На всякий случай решил поговорить с опытными шикотанскими мореходами-старожилами, знающими всё и вся: и когда петух может снести золотое куриное яичко, и почему Луна весной бывает зеленой, и кто конкретно чешет морскому богу пятки перед сном, а утром распутывает ему длинную, сбитую в неряшливый моток проволоки бороду.
Он знал, где любили собираться битые-перебитые, мятые жизнью и всеми существующими на свете морями здешние старожилы и направился к ним; с собой на всякий случай прихватил пузырёк, по самую пробку наполненный медицинским спиртом.
Ответ на свой непростой вопрос он получил исчерпывающий.
— Это моретрясение, — сказал ему старый, похожий на седого ежа рыбак с жесткой щеткой волос, дыбом вставшей у него на голове, повторил по слогам: — Мо-ре-тря-се-ние.
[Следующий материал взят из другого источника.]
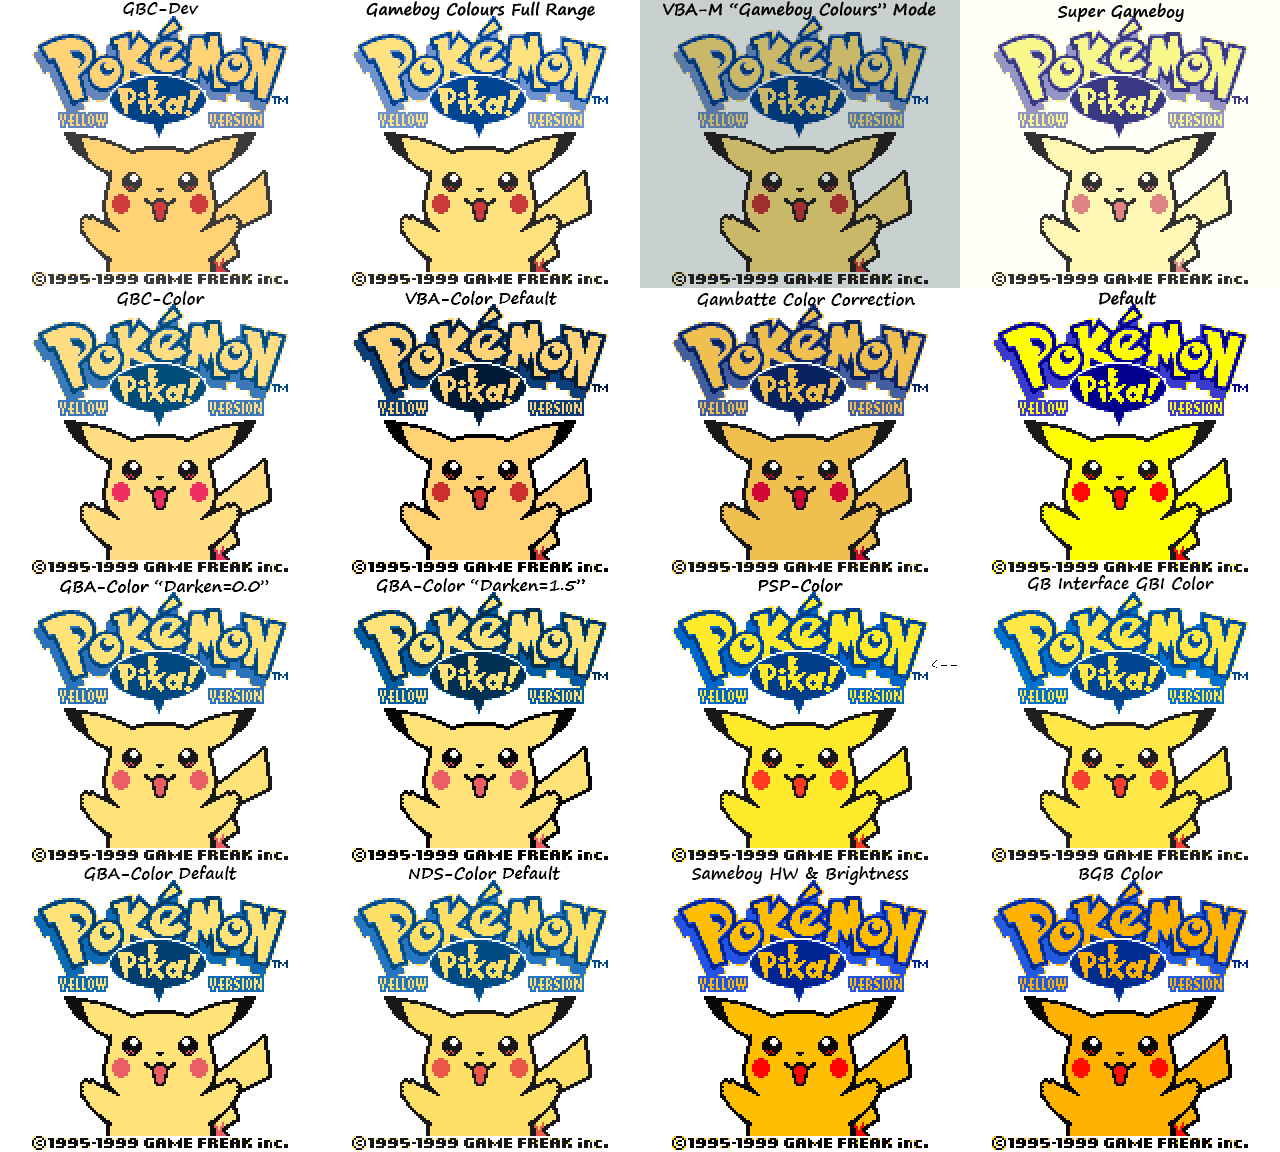 All the comparisons of most software color corrections for the GBC, particuarly, Pokemon Yellow title screen. On the hardware, Pikachu is not pure yellow like you see in Default Raw form. GBC-Dev This...

Понял, капитан?
— Никогда не слышал о таком… Что это?
— Землетрясение, только в море. Трясет землю на каком-нибудь из островов, либо вообще в море бьет в дно, рождает высокую волну, волна до нас не доходит, а вот звук резкими ударами отдается в днище корабля. С такой силой отдается и так громко, что мурашики по коже начинают бегать. Здесь, на Дальнем Востоке, есть много чего такого, брат, на что можно смотреть с большим удивлением.
Геннадий вытащил из бушлата пузырь со спиртом. Прокомментировал коротко:
— Девяносто шесть градусов.
— Солидная посудина, — похвалил старый рыбак, приподнял одну бровь; — Чистый фельдшерский?
— Чистый акушерский.
— Что я должен сделать, чтобы отведать чистого акушерского? — язык у рыбака был подвешен очень хорошо, — ну совсем, как у одного сахалинского актера, приезжавшего к южно-курильским морякам читать стихи Есенина, фамилию его Геннадий, к сожалению, не смог с ходу вспомнить.
Для пущей убедительности старый рыбак щелкнул по боку пузыря крепким, рыжим от курева ногтем.